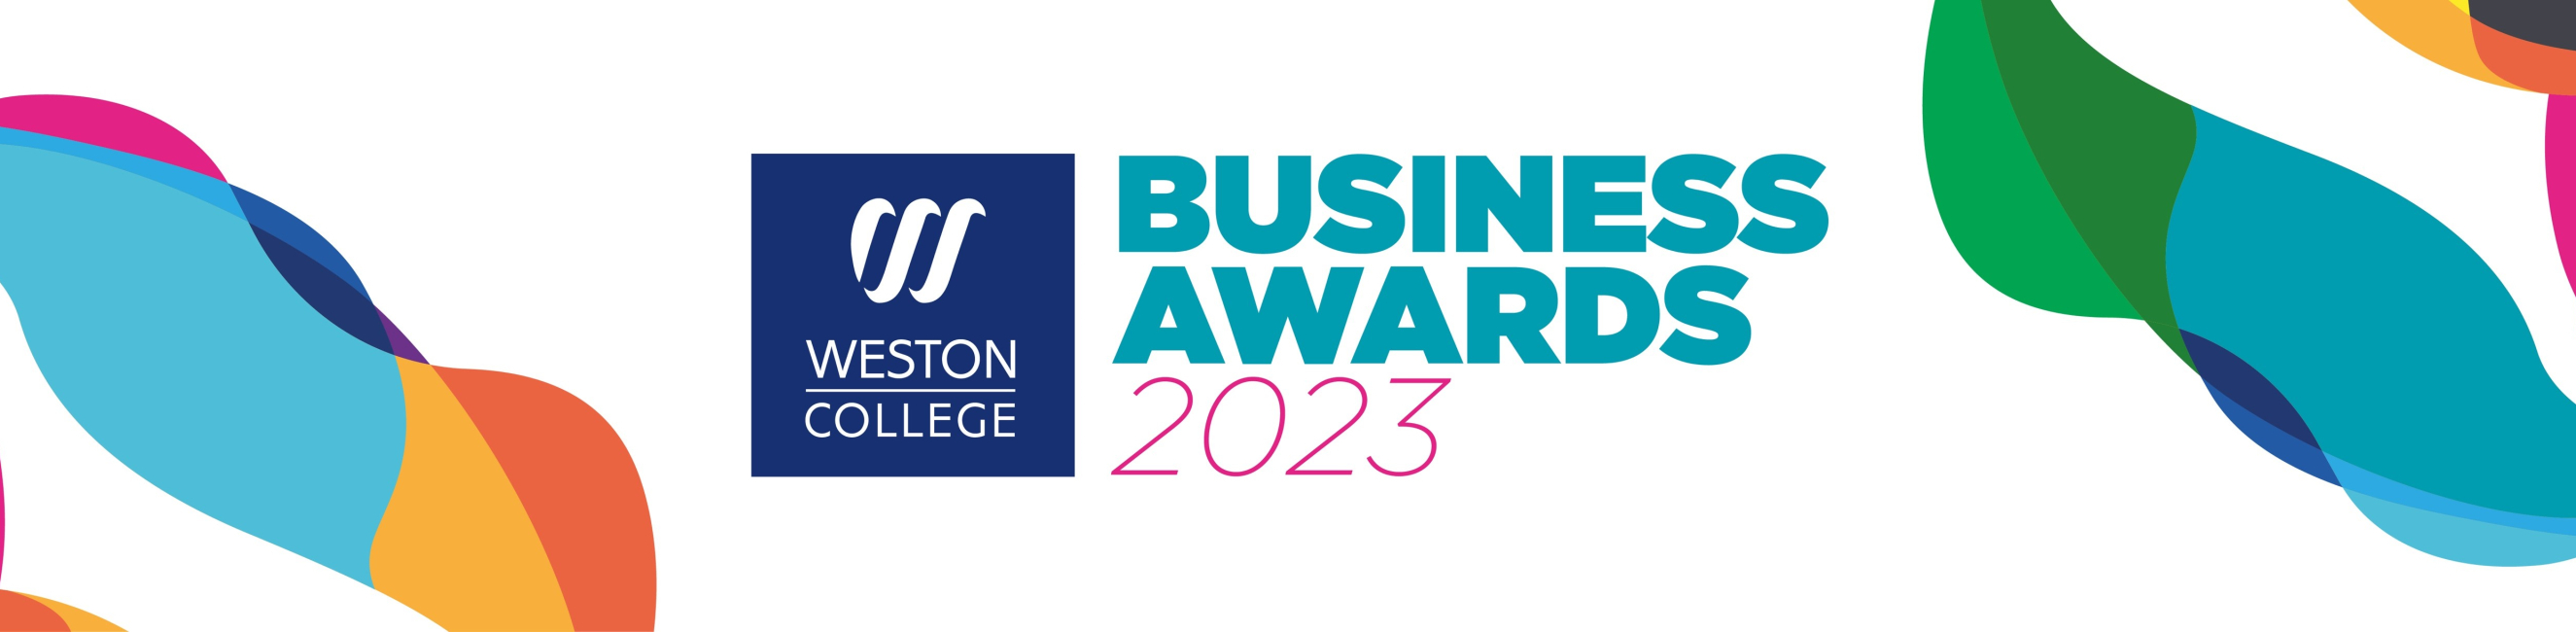 Weston College Business Awards 2023 logo
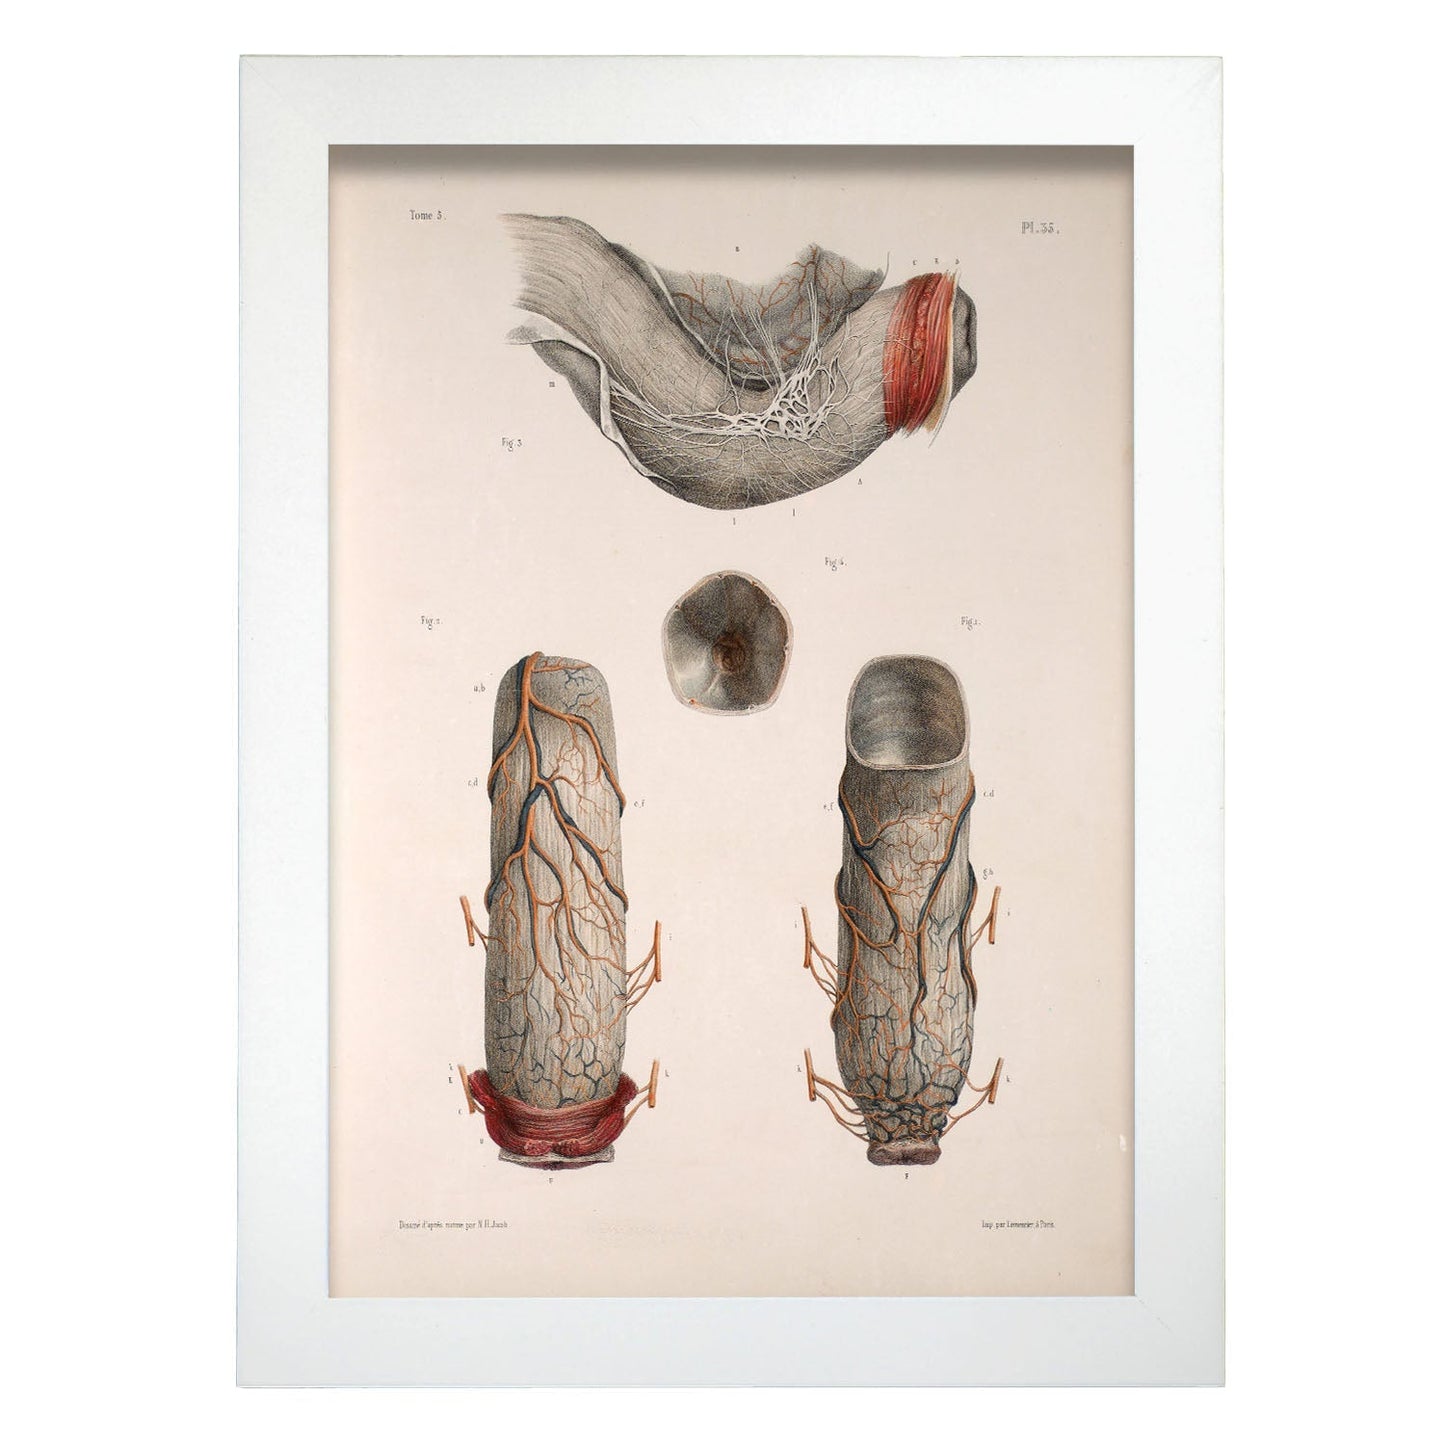 Large intestine, rectum and anus-Artwork-Nacnic-A4-Marco Blanco-Nacnic Estudio SL
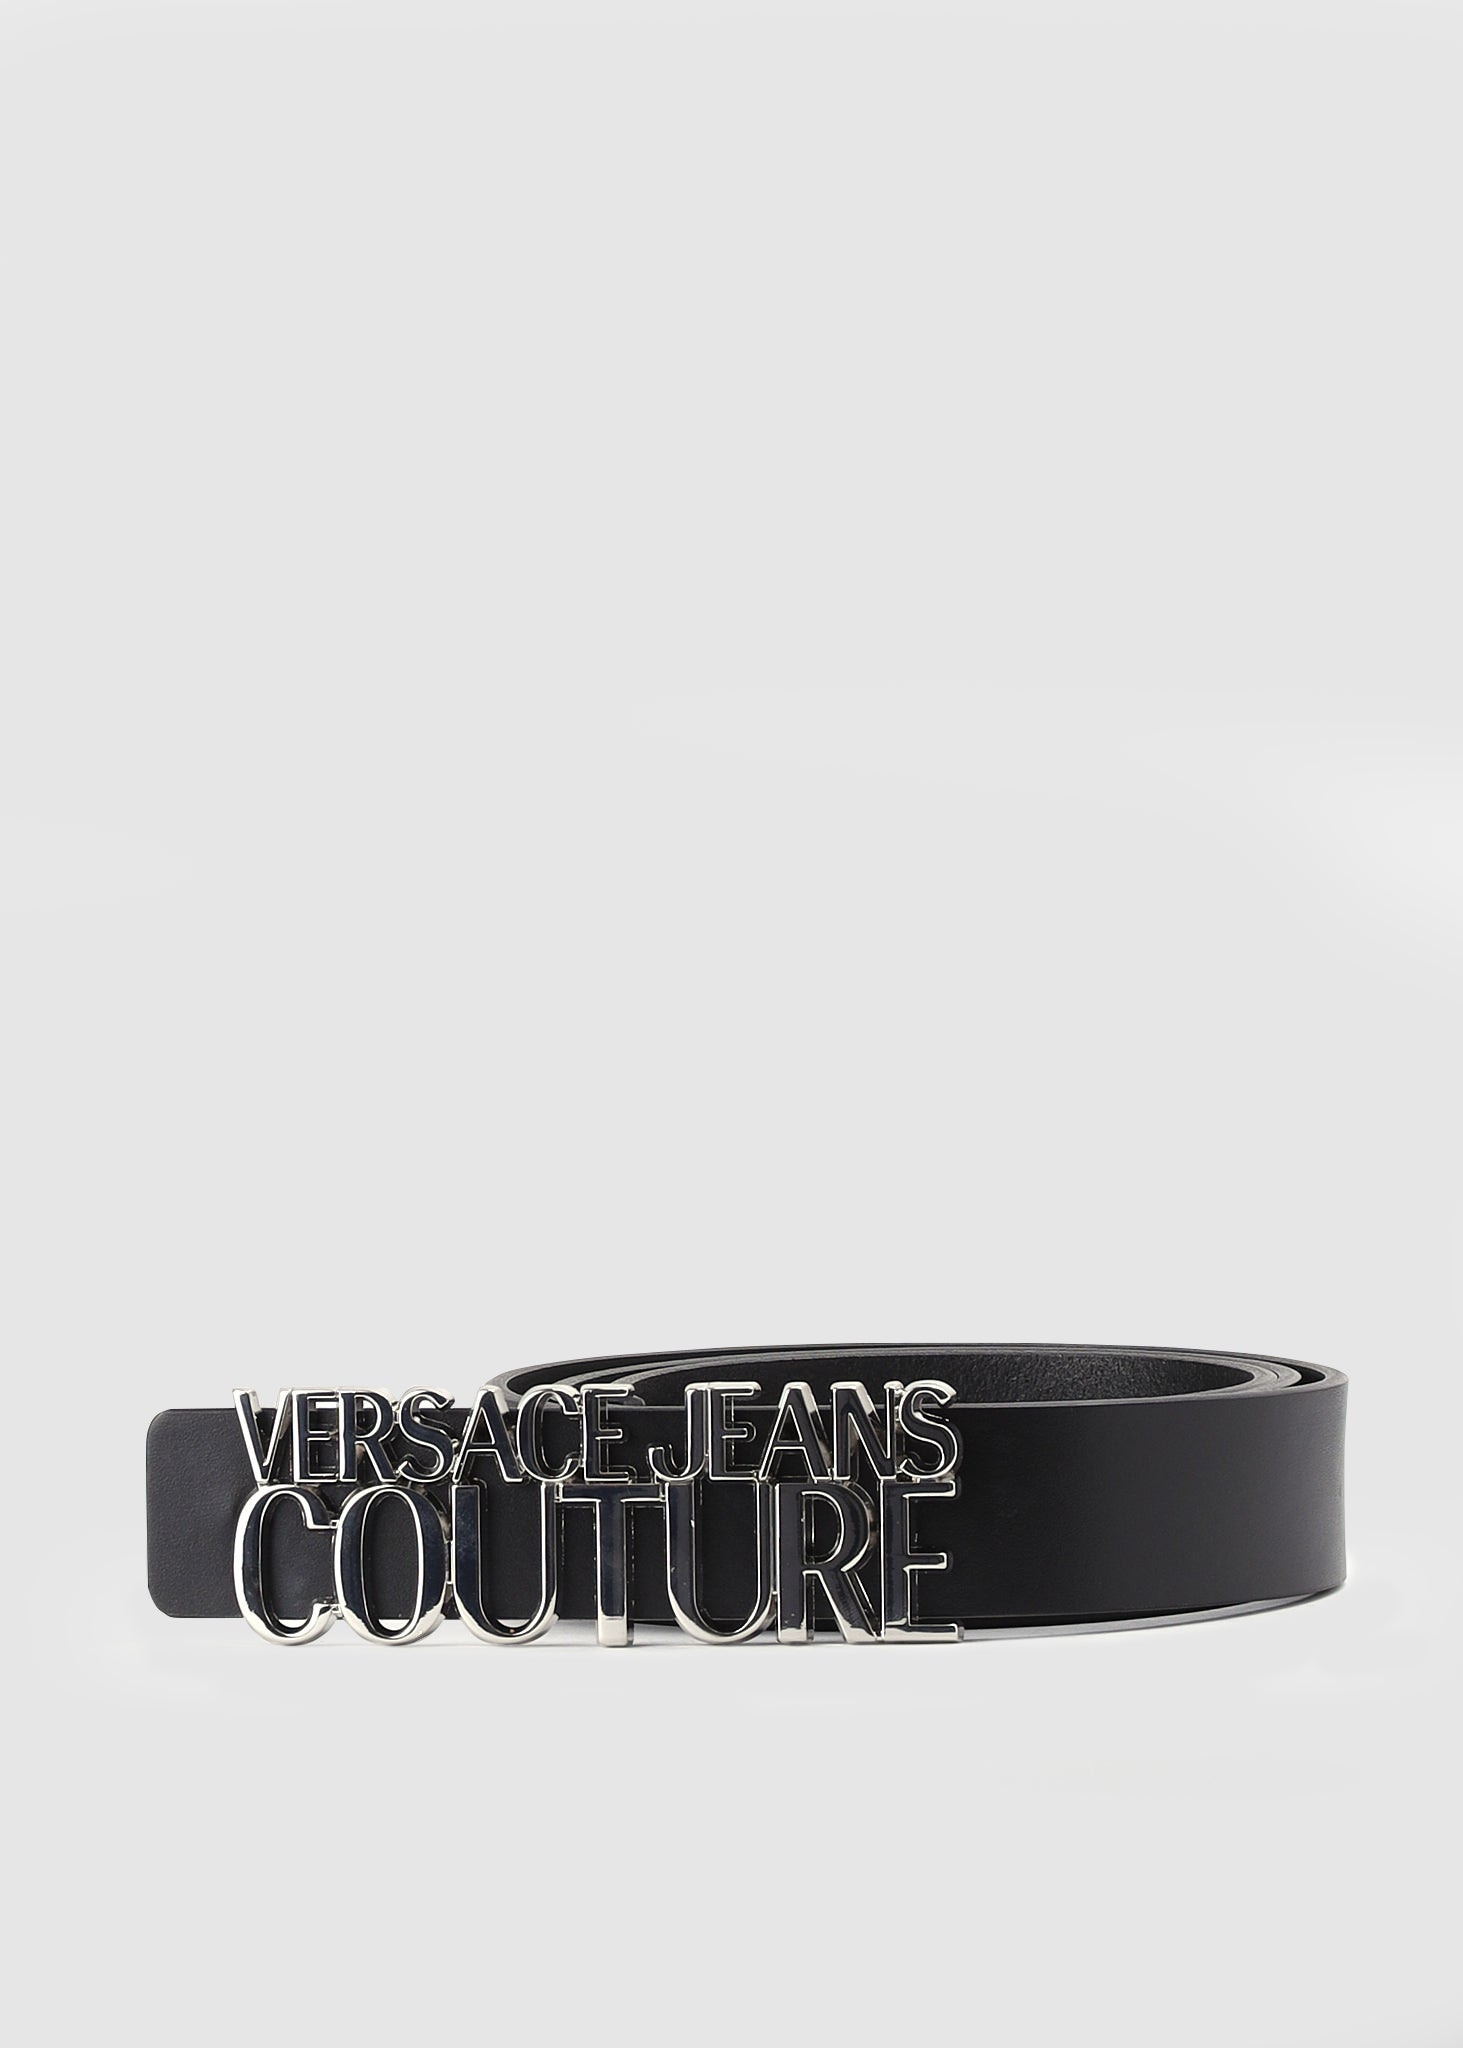 Versace jeans couture men’s belt

+++

Nothing but the lines from the one containing "Large intestine, rectum" through the end of the listing is to be output, and those lines are to be output exactly, pictures excluded.

 Large intestine, rectum and anus-Artwork-Nacnic-A4-Marco Blanco-Nacnic Estudio SL
 Versace jeans couture men’s belt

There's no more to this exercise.